There are several areas of the digital ecosystem where encryption is vital. The purpose of this chapter is to take a step back and see where encryption and cryptography fits in to these applications, what are the deciding factors and what are consequences of encryption being broken.

The Internet

Secure communications are an existential requirement for the internet of today. As far as Alice and Bob are concerned there are two areas where encryption come into the picture.

Scenario 1: Alice enters her password on her phone to login to her profile, the password should be encrypted while it’s on its way to the server for authentication, otherwise, anybody who can listen in can see her password. This problem is solved by implementing protocols such as SSL (Secure Socket Layer) or its’ newer counterpart, TLS (Transport Layer Security). And these protocols make your websites https, where the extra s stands for secure. SSL/TLS reside in the Transport layer of the OSI model and encrypt communications between Alice and the Server so that no middleman can steal the data. SSL and TLS are just protocols, and to implement them, data has to be encrypted with some type of encryption algorithm, RSA, ECC (asymmetric), AES, ChaCha20(symmetric) are some of the algorithms supported by TLS 1.4. Symmetric algorithms compute faster and are lightweight, hence they are preferred for encryption of large amounts of data, however for the secure key-exchange, RSA, Diffie-Hellman or something similar has to be implemented, requiring additional overhead. The point is RSA is still around though it may not be preferred for encrypting actual data, it is widely used for secure key exchange to initiate algorithms like AES.

Scenario 2: Alice sends a WhatsApp message to Bob, the message is encrypted by SSL/TLS between Alice and the server and between the server and Bob when the server routes the message to Bob. But as you may have noticed, the server can see Alice’s message, hence you have to trust WhatsApp that they wont look into your data. That is where end-to-end encryption comes into picture. If end-to-end encryption is implemented, PKI is implemented directly between Alice and Bob, so that even the server will only receive encrypted data.

Email and Digital Signatures

When Alice mails Bob, there are two main security considerations: Firstly, the message should be end-to-end encrypted so that no one can read it other than Bob, and secondly, Bob should have some way of verifying that the message he received actually came from Alice.

For the first part, email security protocols such as PGP, S/MIME, GPG are used which work on PKI. The second part also works on PKI, but a little differently. To understand this we must first go over the concept of a one-way hash function.

A cryptographic hash function is a black box that can ingest a large amount of data and give a unique fixed-length alpha-numeric string as output. The hash value will always be significantly shorter than the message. For example, the SHA-256 hash of any file, regardless of size is always a unique 256 bit value. A good hash function has the following properties:

Even a small change in the input message can result in a drastically different hash value.

For two different messages m1 and m2, the probability that their hashes come out same are infinitesimally small, if this occurs it is called a hash collision. To give an estimate, to perform a collision attack on SHA-256, a popular hashing algorithm, at least 2^128 hashes have to be computed, and with the current state-of-the-art that is estimated to take more time than the age of the universe to compute.

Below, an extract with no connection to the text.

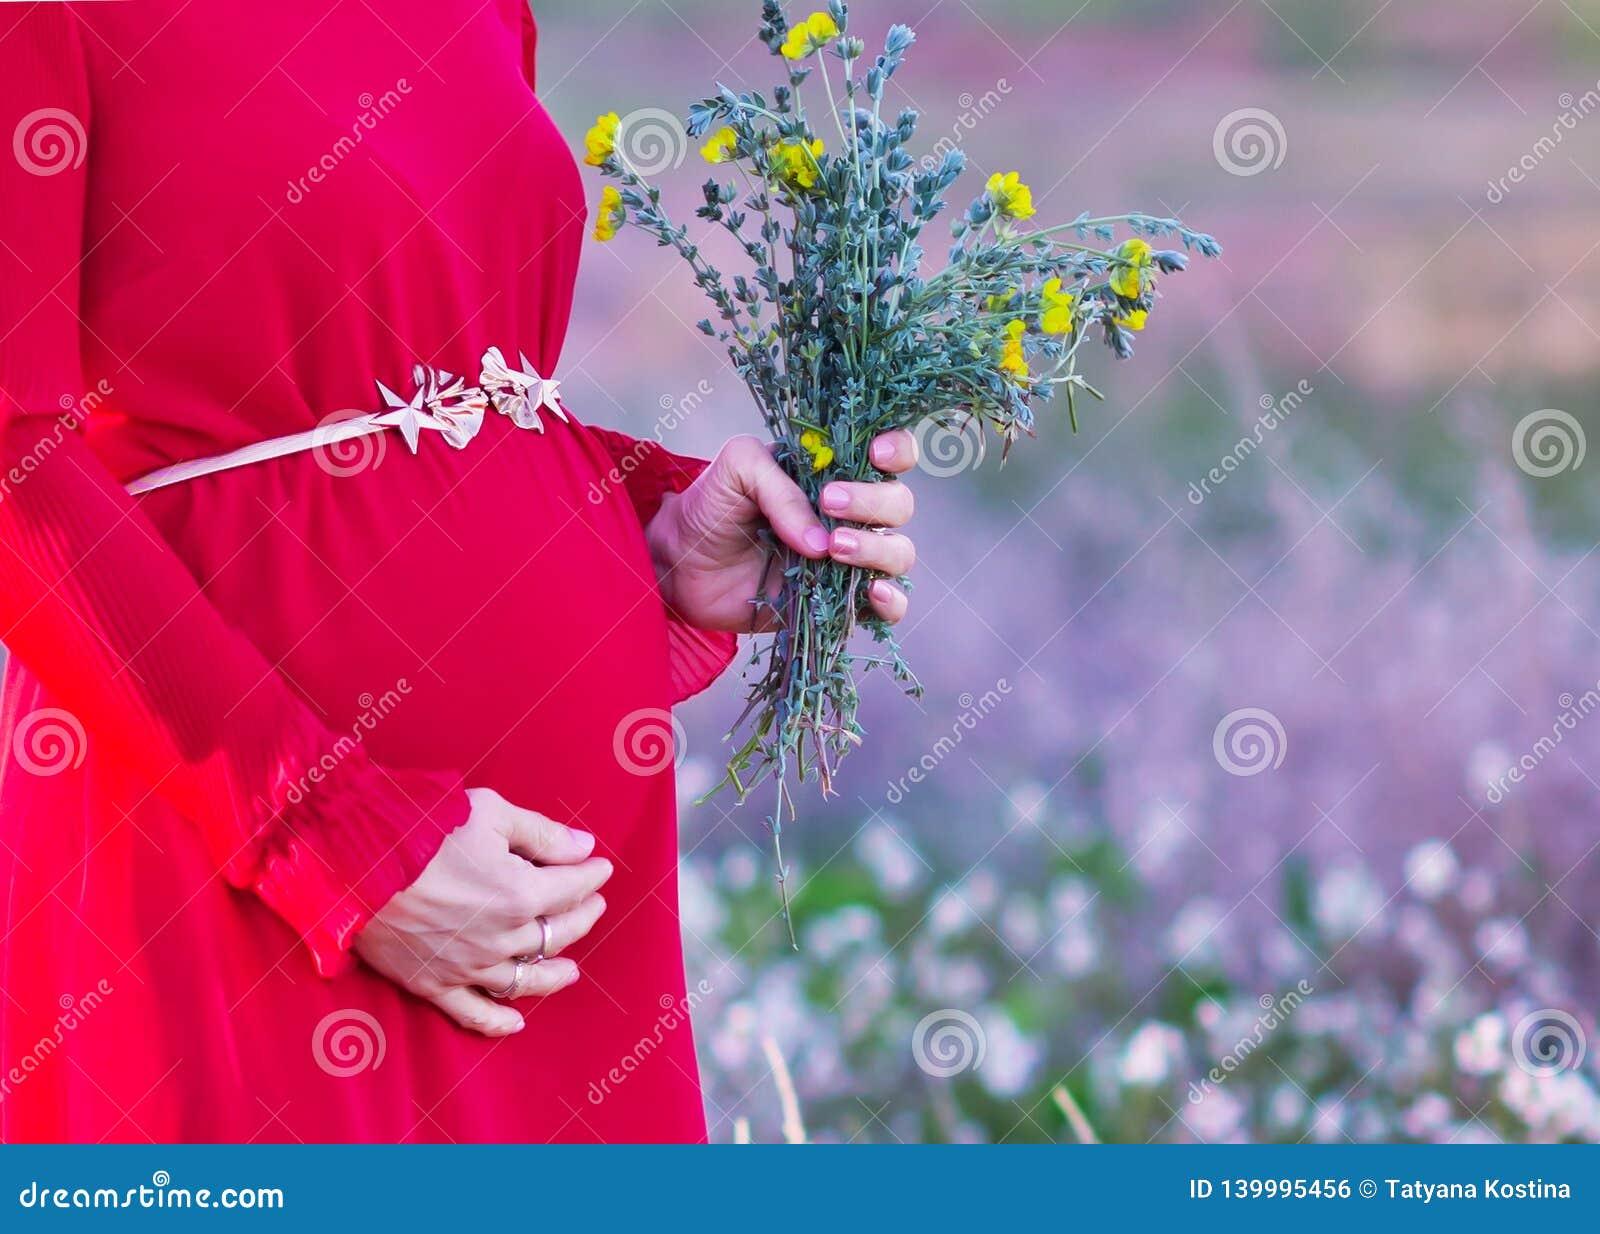 Buik van een zwangere vrouw in een kledingsclose-up

Finding an input string that matches a given hash value (a pre-image) is unfeasible, this is called pre-image resistance.

Modern hash function implementations also add a random ‘salt’ value to the input string to prevent dictionary attacks.

Coming back to Alice and Bob, To ensure that Bob can verify the message came from Alice, the following technique is used:

First Alice encrypts the message using Bob’s public key, then she computes the hash value of the message using a hash function such as SHA-256. Then she encrypts the hash with her private key and appends the encrypted hash value with the encrypted message and sends it over to Bob.

Now Bob first decrypts the message with his private key, then he computes the hash of the message. Then Bob decrypts the hash part of Alice’s message using her public-key. If the hashes match, then Bob knows Alice indeed sent the message. (The interesting point to note here is that for encrypting the hash part Alice used her private key, and so, anyone with her public key can decrypt it!)

Now, anybody with Alice’s public key can decrypt the hash part and see the hash, then what is the point of encrypting it with her private key, after all private key should only be used for decryption not encryption? Can’t Alice just append the hash as is?

No, The point of encrypting the hash part with Alice’s private key is not for security, but instead it is so that Alice cannot deny sending that message to Bob, because her private key was used to encrypt the hash part, also known as signing the message. And this can be verified since Alice’s public key can decrypt the hash, and Bob can independently verify the same hash value by decrypting the original message with his private key and computing the hash! Very cool, I know.

Conclusion

That was a glimpse into how messages are secured over the internet and how we can verify the authenticity of communications. PKI and cryptographic algorithms lie at the heart of all of this infrastructure that we have built up over decades, and in math we trust. I leave it to the reader to imagine the consequences of encryption being broken by an attacker.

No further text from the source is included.